> THE TASK
The copy you return must begin at the line containing "Moschino парфюмерная вода" and end at the final line of the listing below, with every picture left out.

> DATA BLOCK
━━━━━━━━━━━━━━━━━━━━
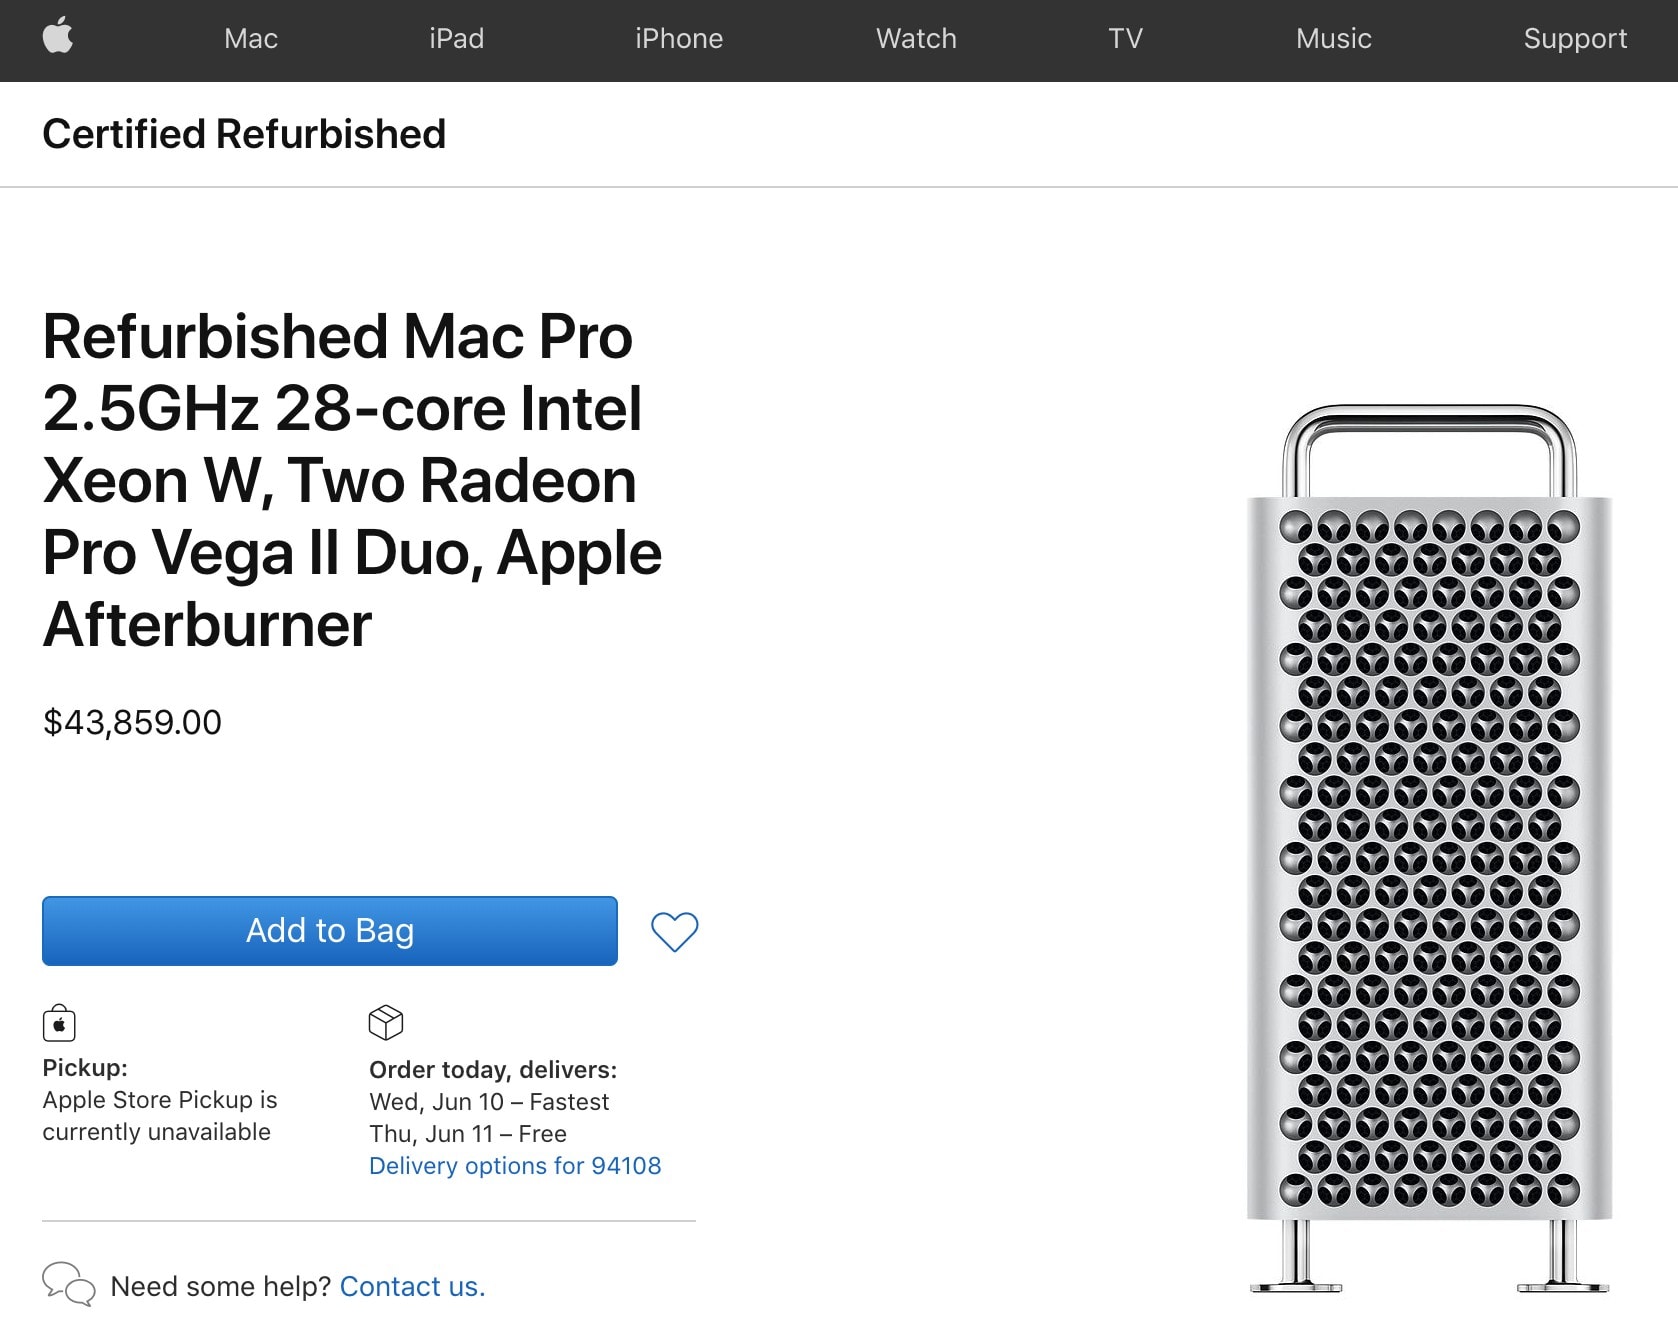 This refurbished Mac Pro costs $43,859.
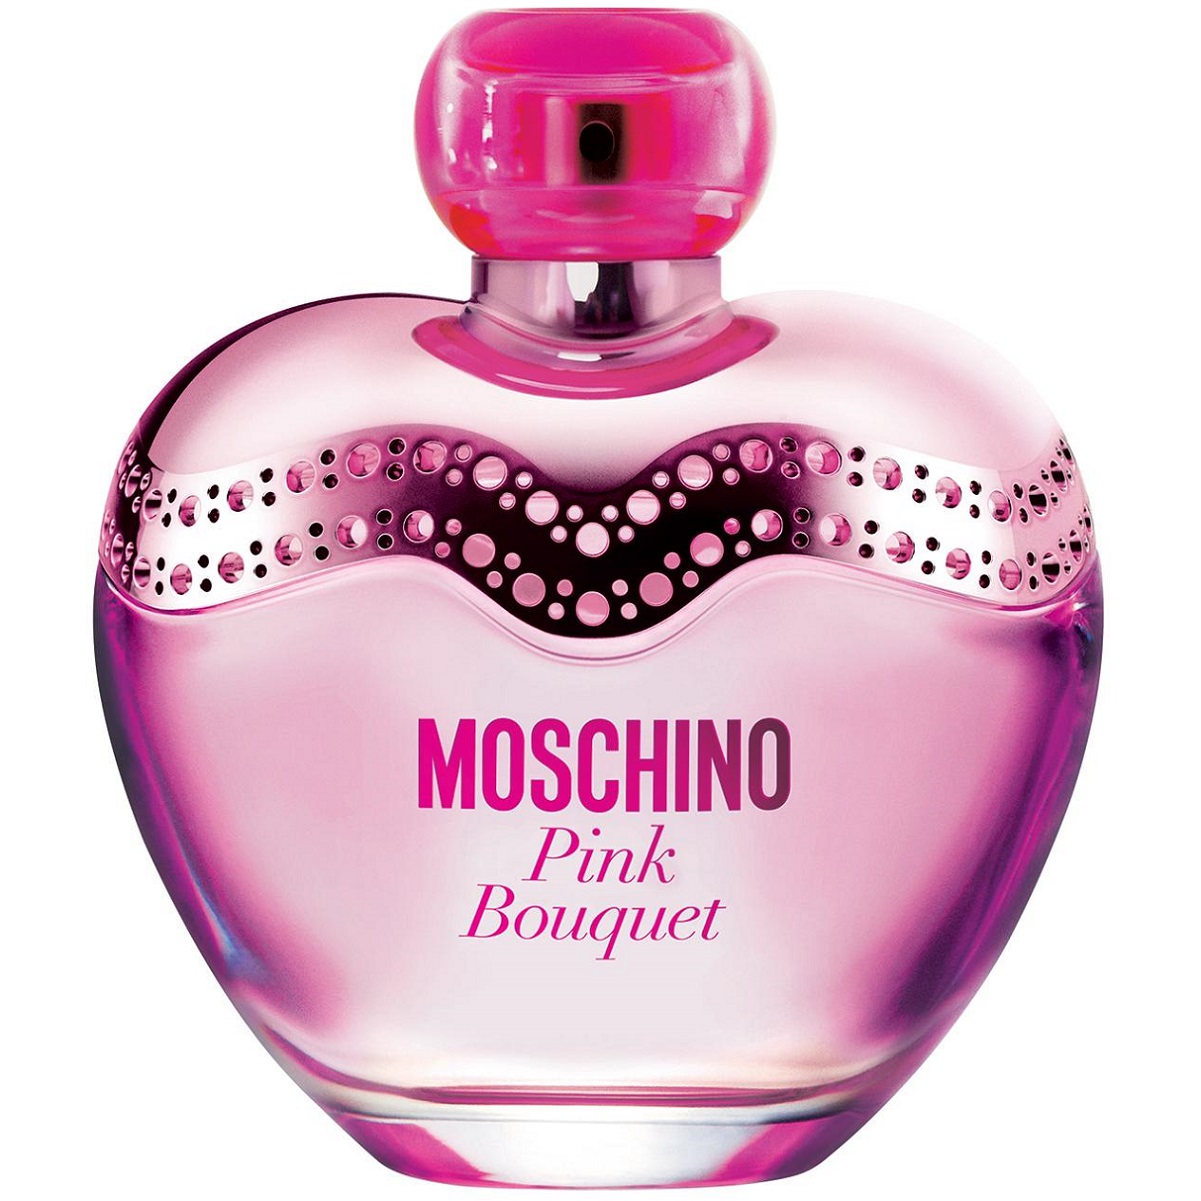 Moschino парфюмерная вода цена. Moschino Pink Bouquet 50ml. Духи Москино туалетная вода. Духи Москино Pink Bouquet. Духи Москино 50 мл.
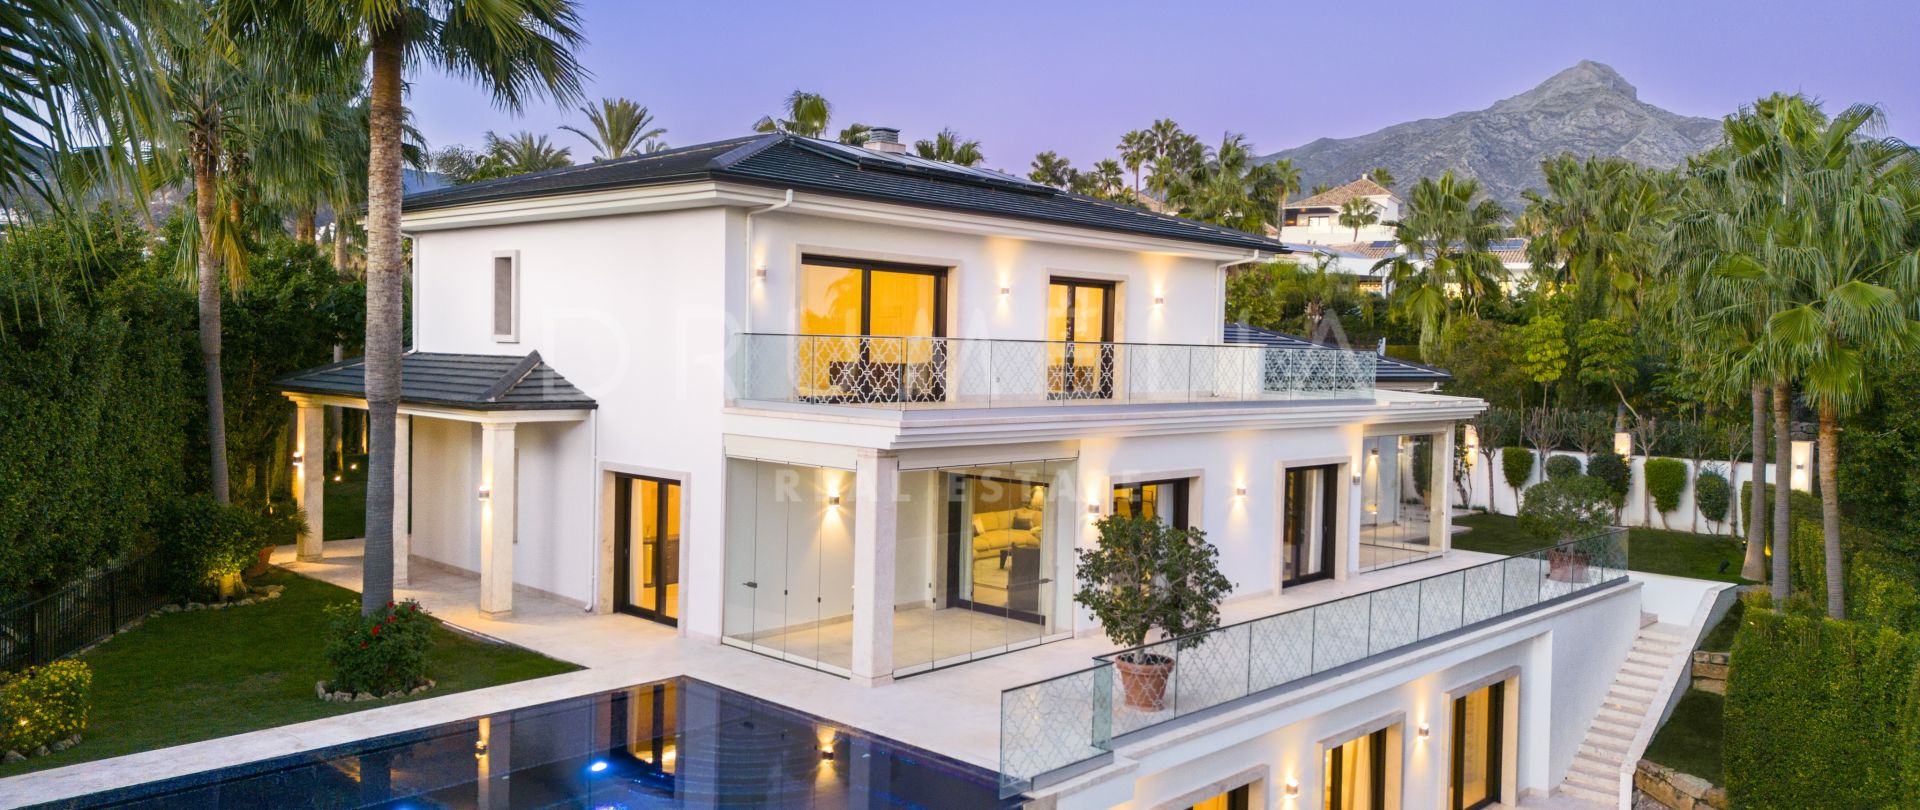 Elegant frontline golf modern luxury villa with panoramic views in Nueva Andalucia, Marbella
━━━━━━━━━━━━━━━━━━━━
> RESULT OF THE TASK
 Moschino парфюмерная вода цена. Moschino Pink Bouquet 50ml. Духи Москино туалетная вода. Духи Москино Pink Bouquet. Духи Москино 50 мл.
 Elegant frontline golf modern luxury villa with panoramic views in Nueva Andalucia, Marbella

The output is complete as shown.